Every time I use the name “Harvard from Da Hood” I get a smile on my face. As I was told by Basic Bitch Betty in front of the whole team, stop acting ghetto, following her thoughts on what she thought of San Antonio, TX and the residence of the city. Which many people look in big cities look at us. Being naive, vulnerable, uncultured….but I am here to say we are more cultured than many. Mind you we have our issues, but we care about people. Yeah we have our fair share of narcissism, but a lot has to due with being dominated by old money. Doing Uber has revealed a lot of injustice due to fear. Which let’s be real, we all face. But being open minded and actually caring for people’s well being opened my eyes to so much of the things that a typical San Antonian would see. Regardless of all the bad things that happened in Houston, TX. I still love the city with all my heart. As it made me grow and it made me break the pride I had when I first went to San Antonio. There was bad, but there was a hell of good. My team, my supervisor Ernie Douglas, who helped me a lot. He helped me grow out of naiveness. He cultivated the power that I never thought I had, which I ran with. It gave me hope, and regardless of some of them turned their back in fear, I still love them unconditionally. Although some have to prove to me they can be trusted, it made me not take things personally. It revealed one thing I knew but never really paid no mind to at the time of selfishness, that we all have a struggle and are trying to find a way on breaking the chain.
Another thing I realized in that venture is that I should trust myself more. As the reflection of things made me realize, I always knew the dangers. I was just a bit naive in that everyone had the best intentions. Which made me want to see what I was capable of. Which made me say to myself “If I can face this, it’s time to face my demons.” Which made me realize that the unknown path to freedom was letting go of everything by facing the demons, including the trauma.

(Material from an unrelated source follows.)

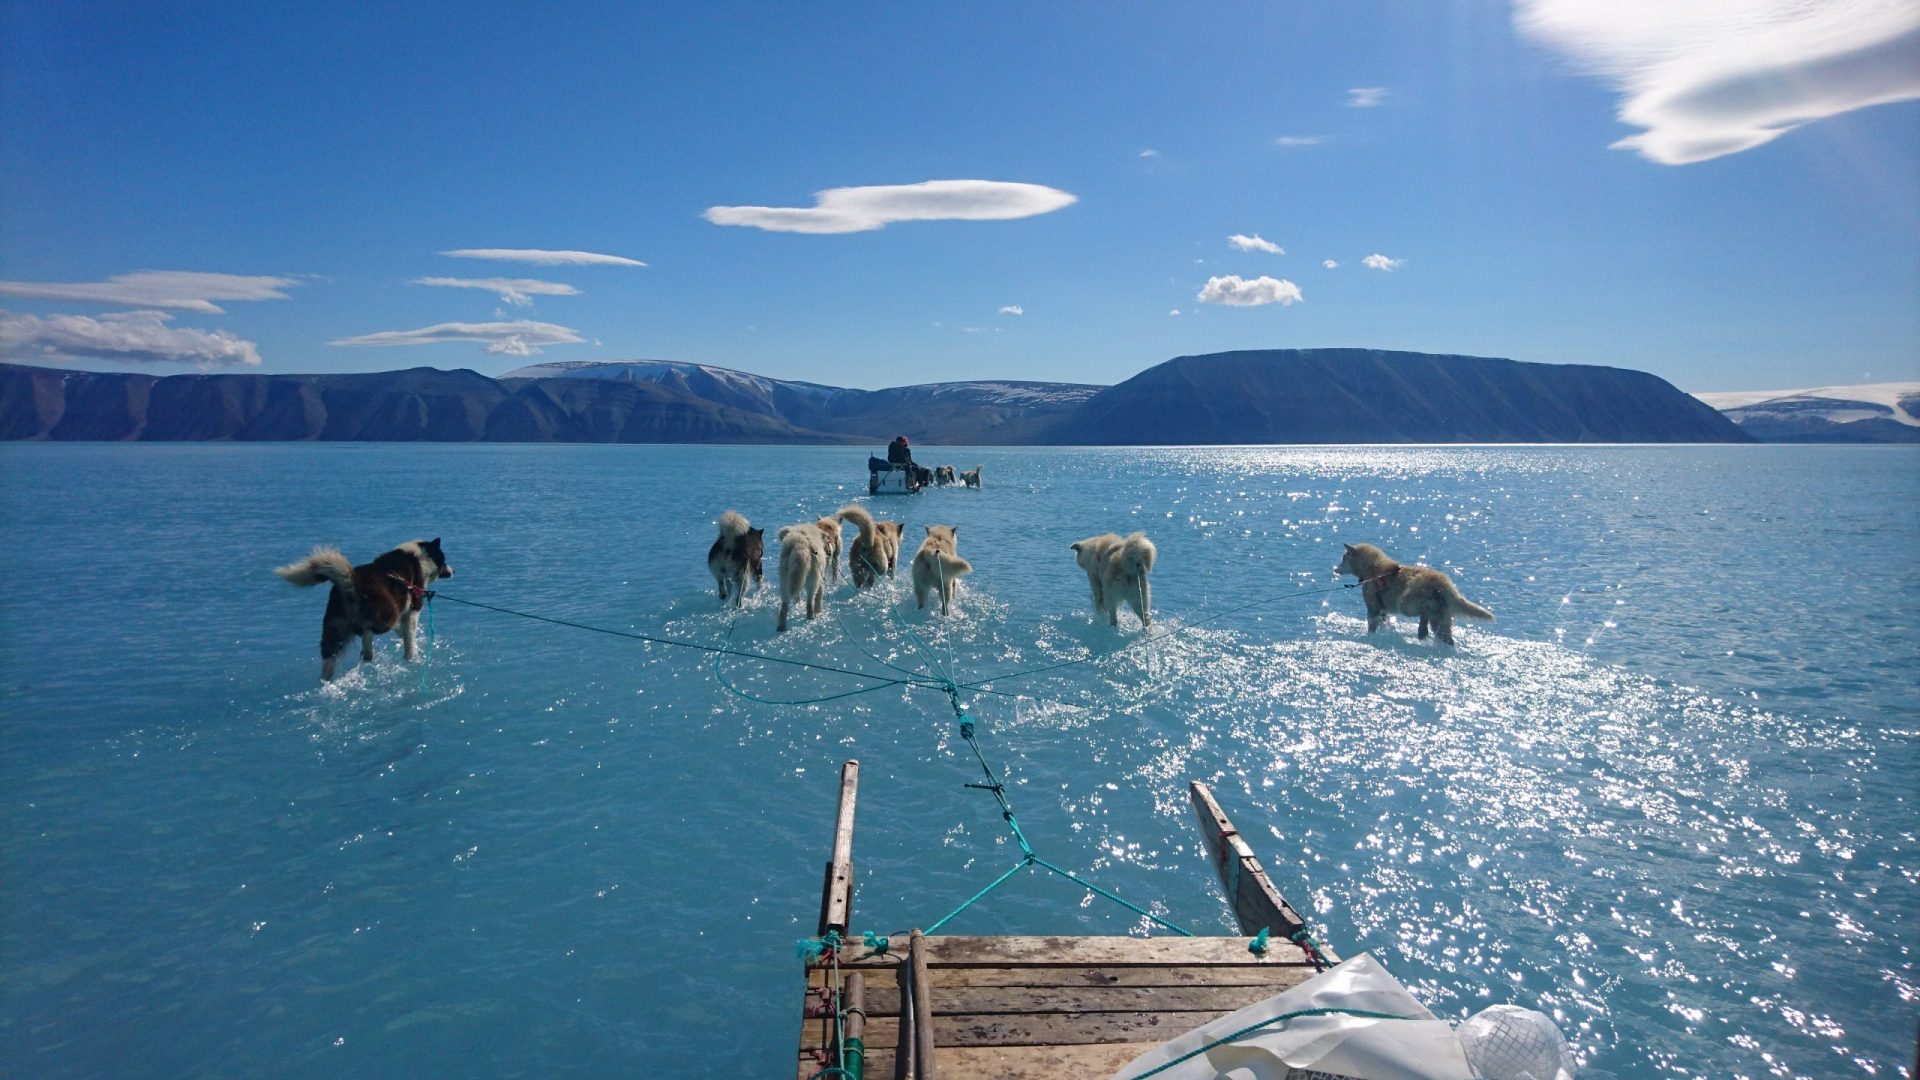 Gronelândia. Imagem viral chama atenção para aquecimento global

I learned how to be self sufficient and set boundaries, which in transparency I had no clue of facing. It made me stop using labels and seeing people in one simple way, human. Which in the unknown path of freedom had me trust myself way more and avoid getting opinions of others, unless it affect them directly. Which realizing that the unknown path of freedom began with balance and self efficacy. Which became a swan song not only for me, for the phenomenal woman in my life. And for everyone who couldn’t fight for themselves in injustice. Our fight.